Summary: Chapter 2

Unlike Saeed, Nadia doesn’t get along with her family. Her parents are religious, and encourage her to be quiet and obedient. Nadia’s father is often angry with her for her constant questioning, but he’s never violent. Despite being an unmarried woman, Nadia decides to move out after graduating university, which leads to estrangement from her family. Her new life as a single woman living alone is challenging, but she works at an insurance company to support herself.

Saeed and Nadia go on a date at a Chinese restaurant whose immigrant owners recently left the country for Canada. The food remains good, and the decor feels exotic. Saeed asks Nadia where she would go if she could travel anywhere.
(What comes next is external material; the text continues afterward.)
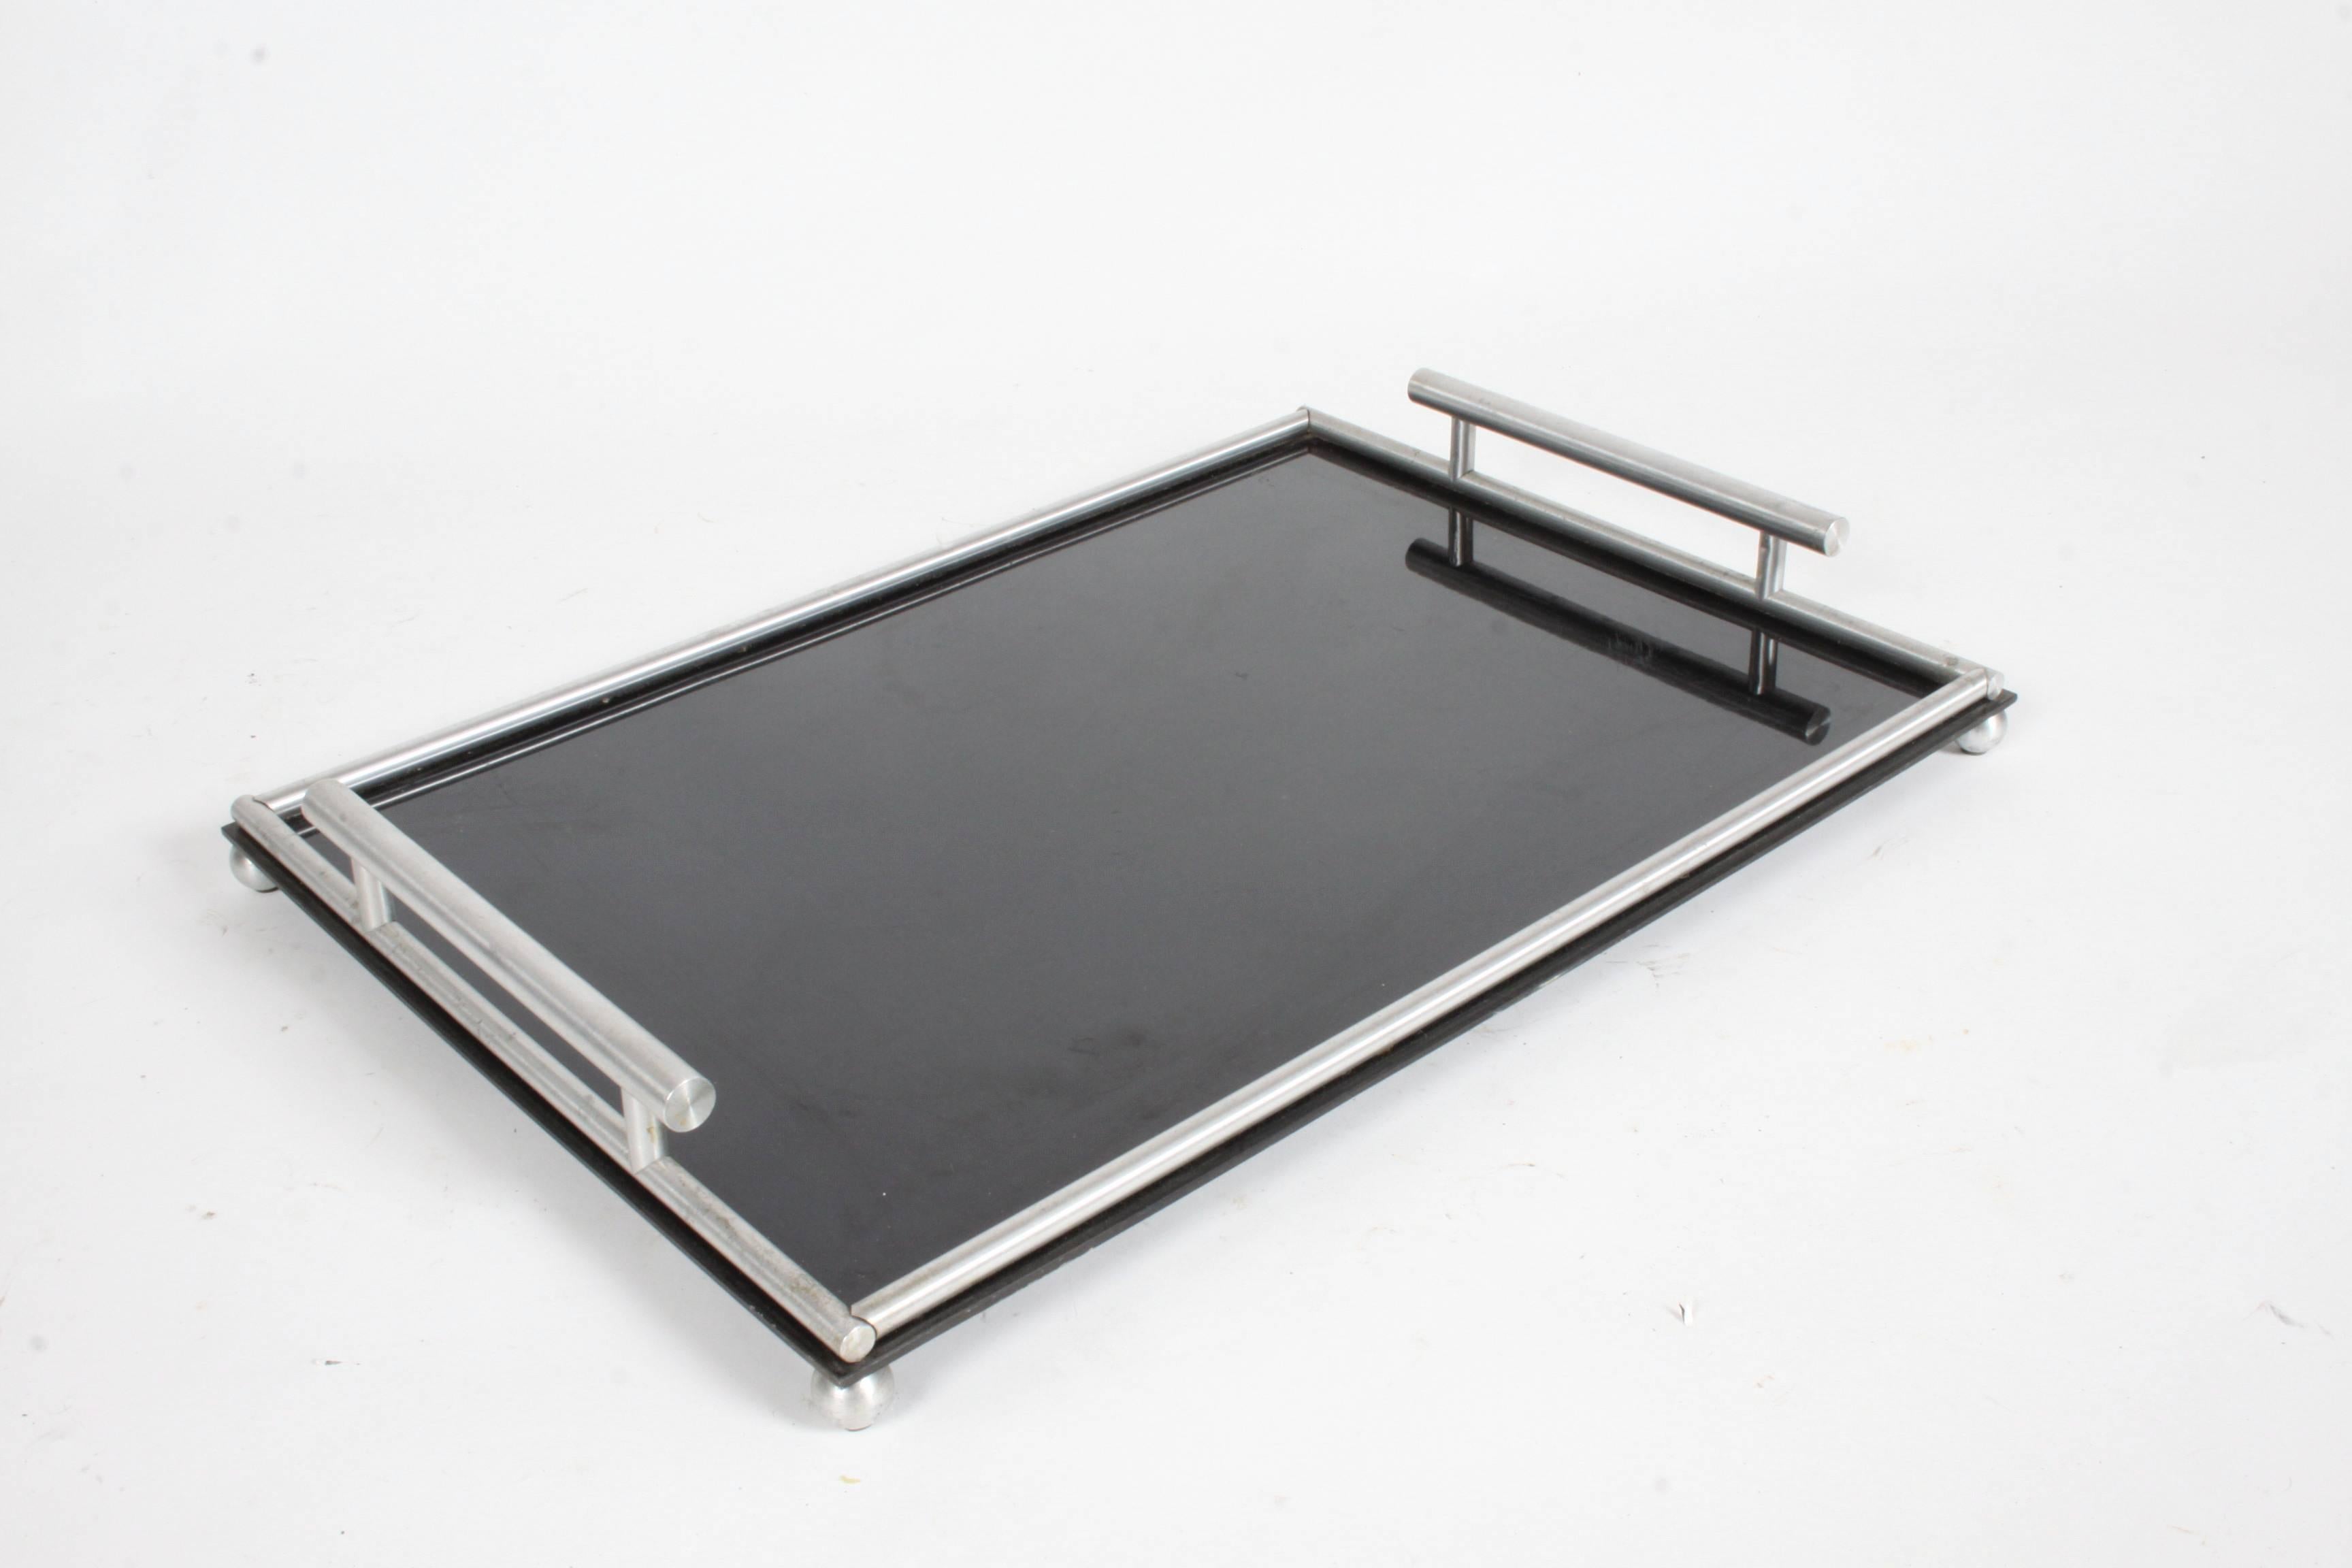 Rare Deco Aero Art DC3 serving tray by Franz Industries, machine age. See my other listings for the cart and beverage tray.

She wants to go to Cuba because it makes her think of music and the sea. Saeed would go to Chile to see the Atacama Desert, where the stars are so clear, you can see them move with the earth’s rotation.

After dinner, Nadia invites Saeed over because there are not many safe places for couples to be alone after dark. She adds that they won’t have sex, and Saeed feels shocked at the insinuation that they could have. As they ride to Nadia’s, Nadia on her motorcycle and Saeed on his scooter, they pass by refugees sleeping in the street. They pass through a police checkpoint and a military checkpoint. 

Nadia’s flat lies on the top floor of a building belonging to an old widow. Saeed waits in an alley while Nadia goes upstairs and puts a black robe in a bag. She drops the bag out the window to Saeed, and he puts on the robe to disguise himself as a woman so that he doesn’t arouse suspicion when entering the flat. The pair sit together and smoke marijuana.

In the Shinjuku district of Tokyo, a man sits in a bar, drinking Irish whiskey. He’s never been to Ireland but likes the idea of it. People keep far away from him, as if they sense that he’s a violent man. As he leaves the bar, he notices two Filipina women emerge from an always-locked door behind the bar. He doesn’t like Filipinos in his part of town. His hand goes to his knife, and he follows them.

Nadia’s sense of security shatters when she hears that her cousin died in a truck bomb blast. She doesn’t visit her relatives because she knows her presence will cause a scene. Nadia plans to visit his grave alone, but Saeed offers to go with her. She allows him to come with her early one morning. Saeed offers a prayer, and Nadia puts her hand on the grave without praying. Afterward, they have breakfast at a café, and Nadia feels their relationship has become solid.